• イランのザリーフ外務大臣
    イランのザリーフ外務大臣

イランのザリーフ外務大臣が、「アメリカの外交政策の危機」と題する記事の中で、「核合意は、パリ協定とTPP環太平洋パートナーシップ協定に続き、アメリカ政府が離脱した3番目の国際的な合意だ」としました。

ザリーフ外相は、21日木曜にイランのメディアで発表された、この記事の中で、「アメリカの現政権は、NAFTA北米自由貿易協定などの多くの合意、自由貿易体制、国連のシステムを危険に晒し、外交による対立の解消と多極主義に大きなダメージを与えている」としました。

また、アメリカによる核合意離脱と核関連制裁の復活は、実際、アメリカ政府によるこの合意への違反の繰り返しの頂点だったとし、「こうした中で、IAEA国際原子力機関は、唯一の専門的な国際機関として、イランの核合意の遵守を何度も認めてきた」と述べました。

ザリーフ外相は、「アメリカの新国務長官は、5月21日、根拠のない干渉的で侮辱的な発言を行い、イランに関する要求や脅迫を行ったが、それは、国際的な慣習や国際法に完全に違反するものだ」と強調しました。

また、「ポンペオ長官が提示した12項目の条件は、アメリカが多極主義を弱めようとして孤立している中で行われたことから、戯言だった」と述べました。
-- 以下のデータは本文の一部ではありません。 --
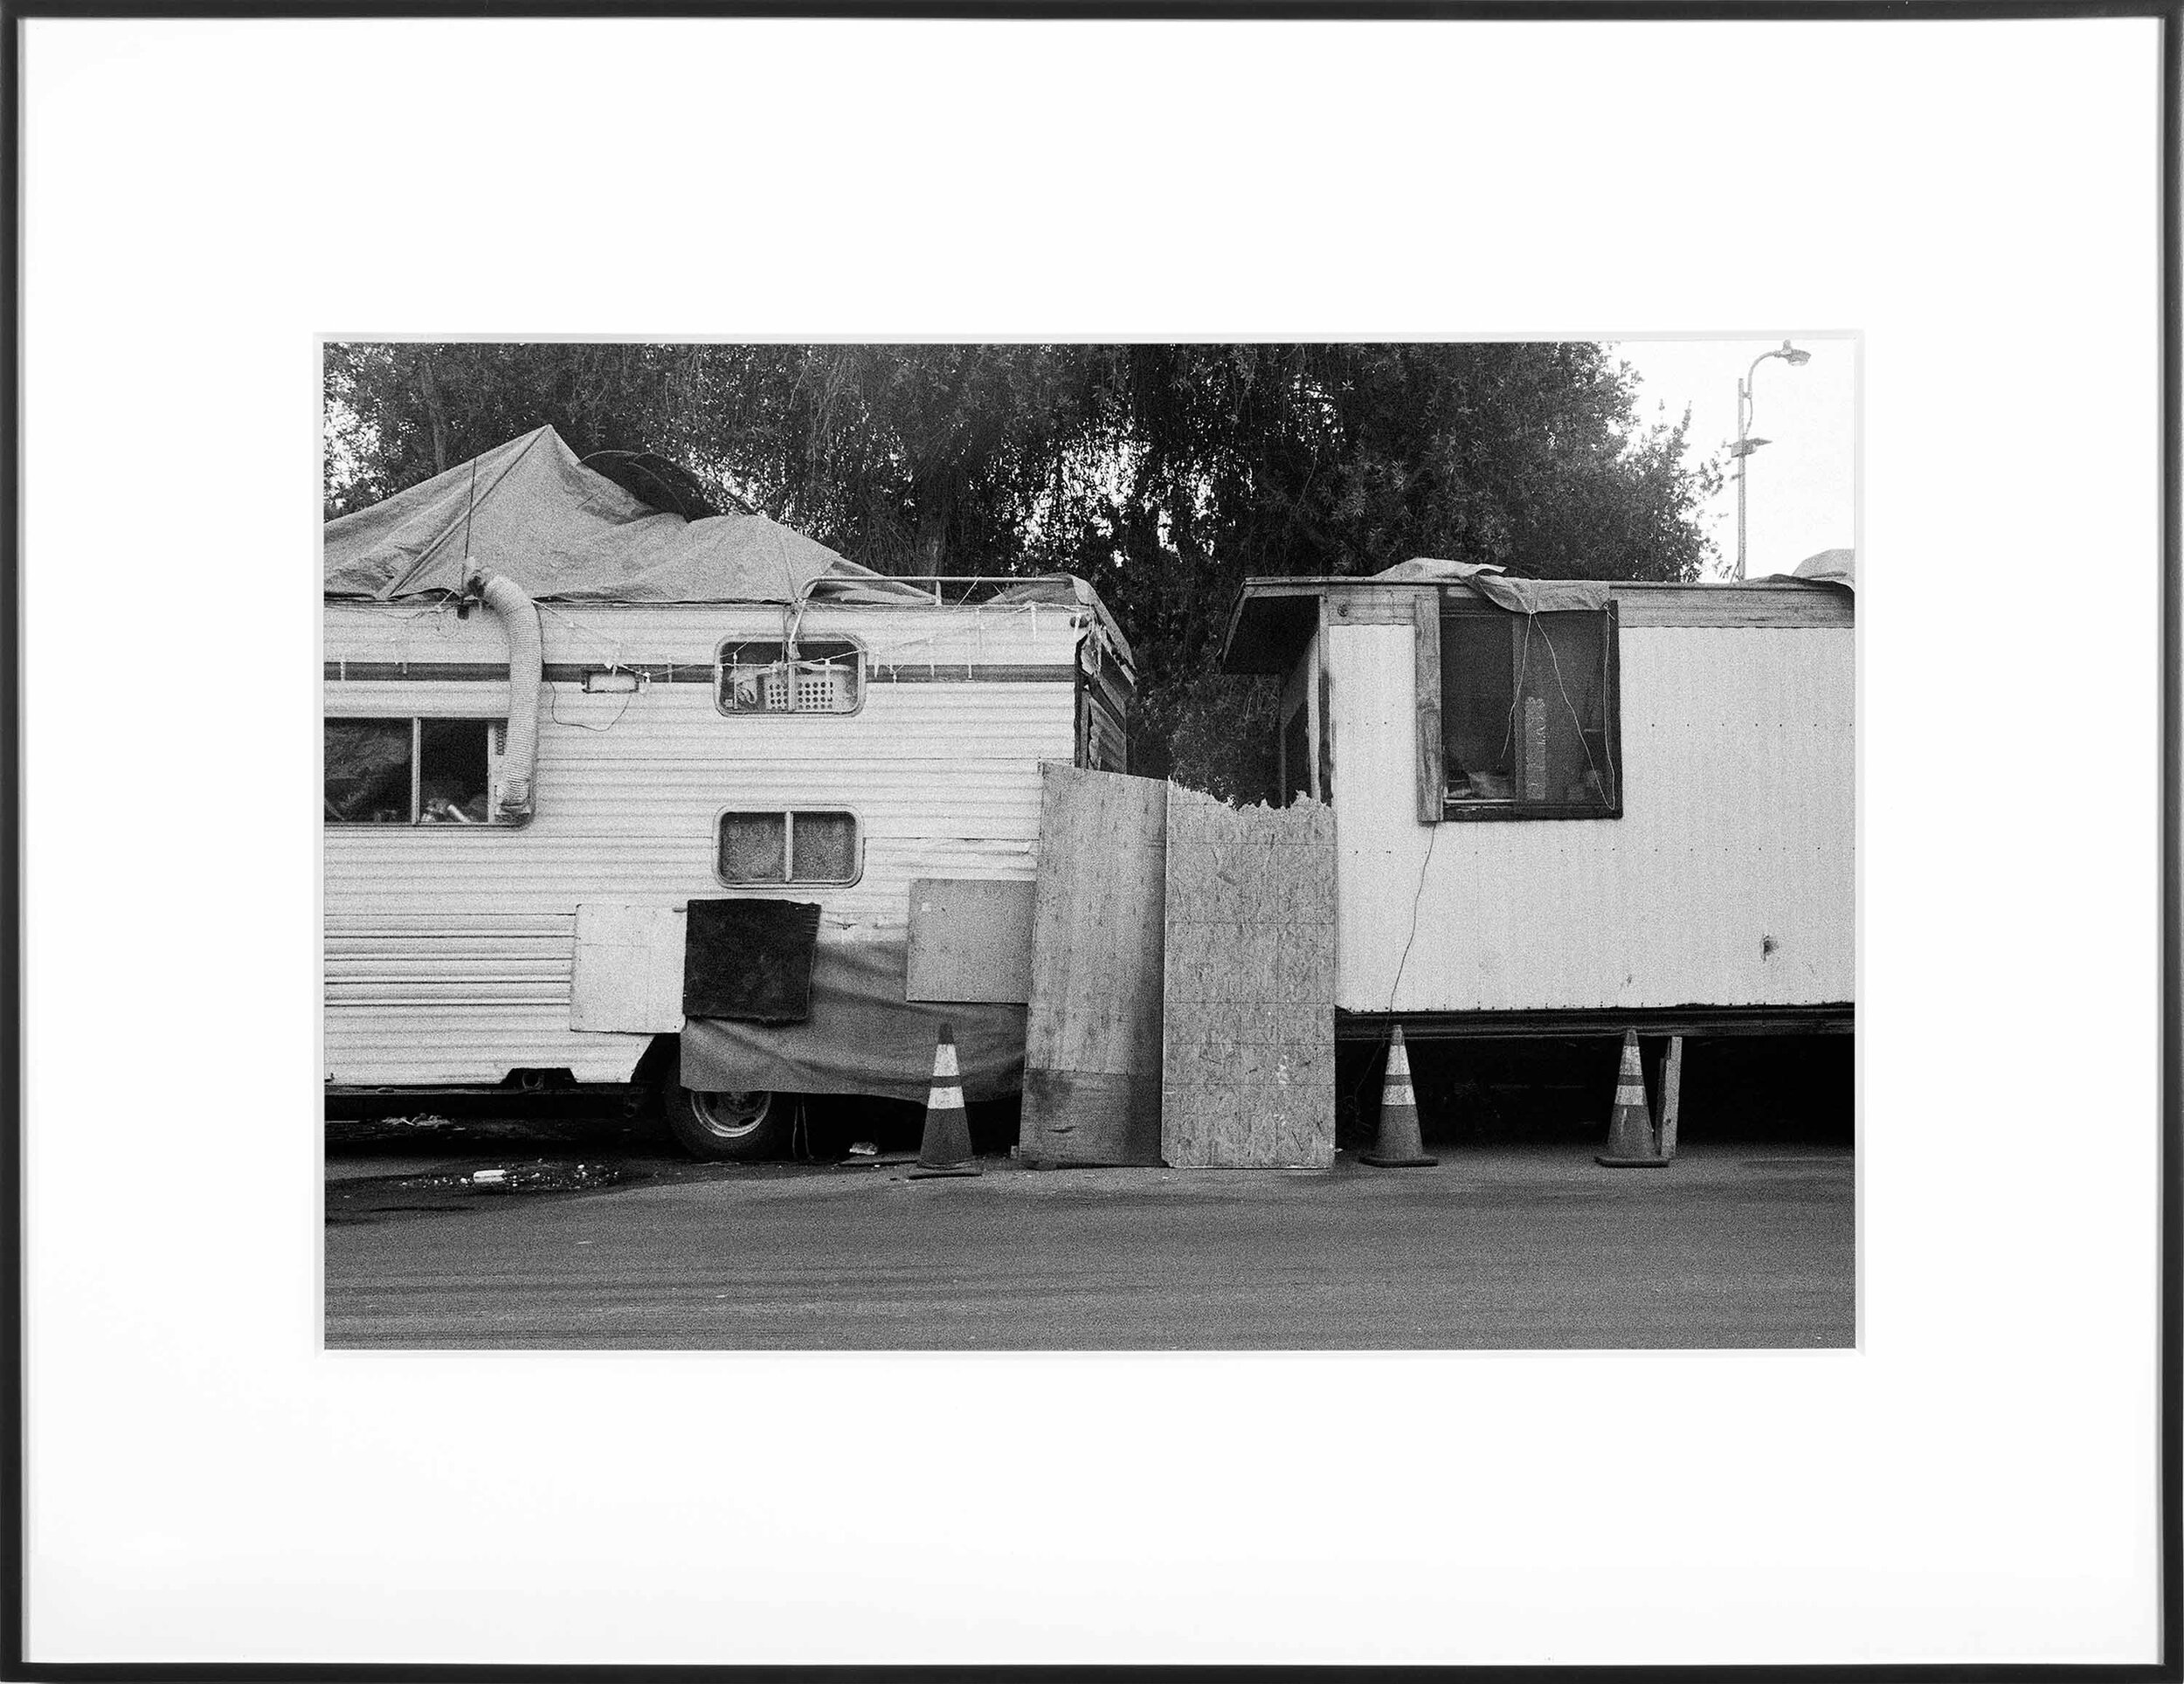   (Temporary) Homes for America: 3300 block to 4400 block, Union Pacific Avenue, between South Grande Vista Avenue and South Marianna Avenue, Los Angeles/Commerce, California, December 2020   2021  black and white fiber print 11 x 15 inches

さらに、アメリカ国務長官は、イラン国民が、この40年、クーデターや軍事的な干渉、イラン・イラク戦争での攻撃への支持、一方的な制裁、イランの旅客機の撃墜など、アメリカのさまざまな圧力や侵略に対して抵抗してきたことを知るべきだと述べました。

ザリーフ外相は、「イランの政治体制の最大の支えは、平和を求める高潔な国民であり、彼らは、相互尊重に基づく世界との建設的な協力を受け入れると共に、理不尽な要求に対して抵抗し、独立と栄誉を守る用意がある」と語りました。

さらに、「歴史が証明しているように、サッダームフセインとその支援者のように、イランの歴史ある大地を侵略する者は皆、屈辱的な運命をたどることになった。一方でイランは、明るい未来に希望を抱き、堂々と自分たちの道を歩み続けている」と強調しました。

また、「ポンペオ国務長官は、イランとの協議や合意に条件を設けているが、国際社会は、あらゆる問題に関する、アメリカの現政権との協議や合意の可能性そのものに強い疑いを抱いている」と強調しました。

ザリーフ外相は、「ベイトルモガッダス・エルサレムに関するアメリカの違法で危険な行動、ガザのシオニスト政権イスラエルの野蛮な措置に対する盲目的な支援、シリアへのミサイル攻撃や空爆は、アメリカの原則に反する政策の明らかな例だ」と語りました。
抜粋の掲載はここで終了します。